■ **RECORDS FOR THIS EXERCISE**
_____

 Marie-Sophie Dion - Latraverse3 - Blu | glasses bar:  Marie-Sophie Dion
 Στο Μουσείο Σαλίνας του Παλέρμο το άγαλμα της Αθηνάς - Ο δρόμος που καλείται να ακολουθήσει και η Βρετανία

_____

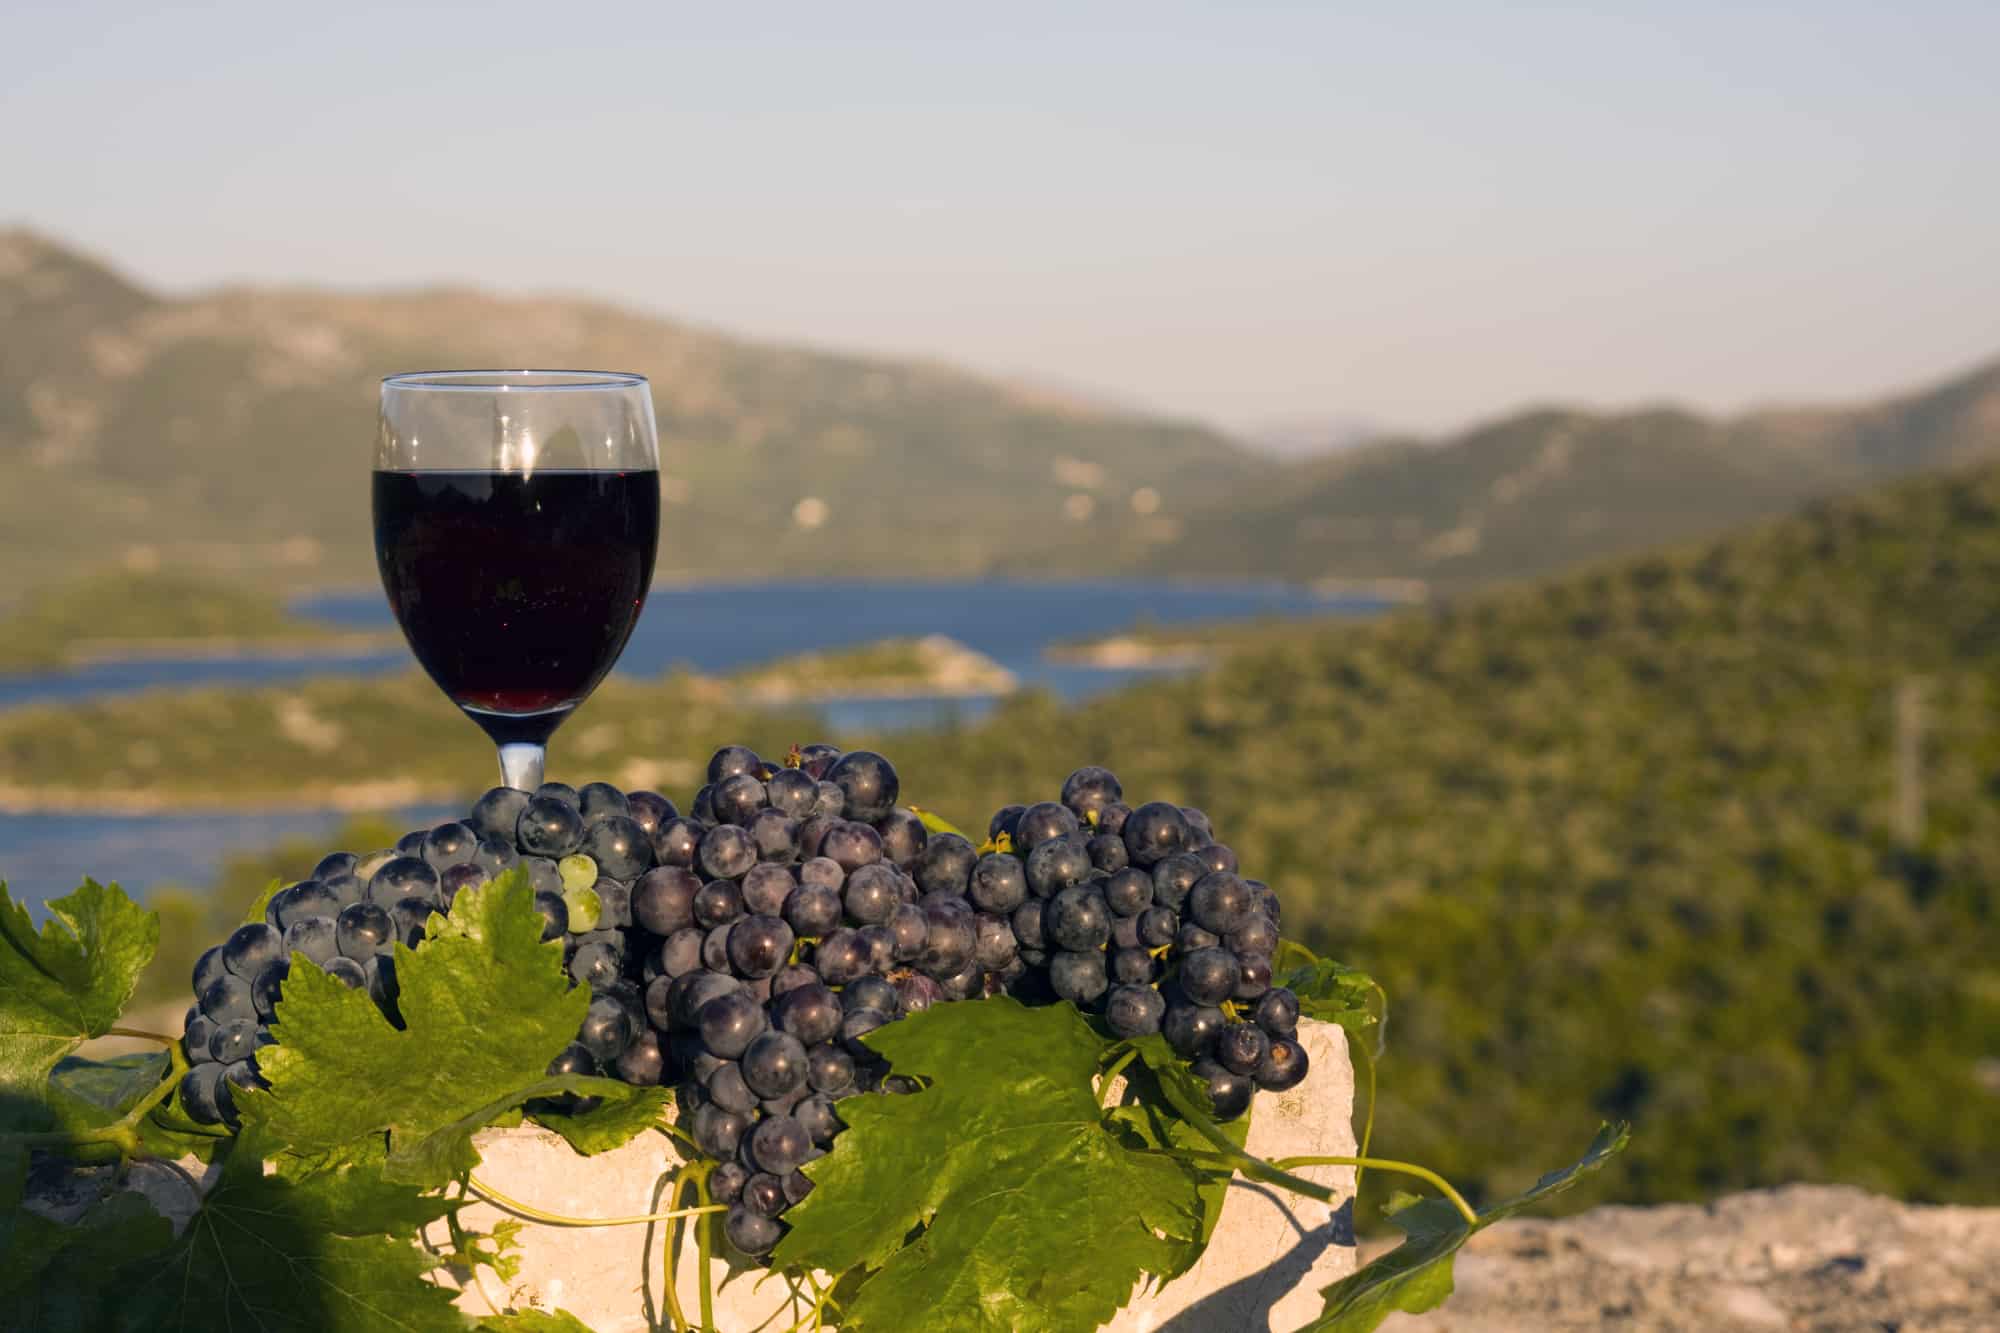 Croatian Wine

_____

■ **ACTIVITY**
Of the lines above, output exactly those from the line bearing "Marie-Sophie Dion - Latraverse3" through the line bearing "Στο Μουσείο Σαλίνας", inclusive.

■ **OUTPUT FOR THIS TASK**
 Marie-Sophie Dion - Latraverse3 - Blu | glasses bar:  Marie-Sophie Dion
 Στο Μουσείο Σαλίνας του Παλέρμο το άγαλμα της Αθηνάς - Ο δρόμος που καλείται να ακολουθήσει και η Βρετανία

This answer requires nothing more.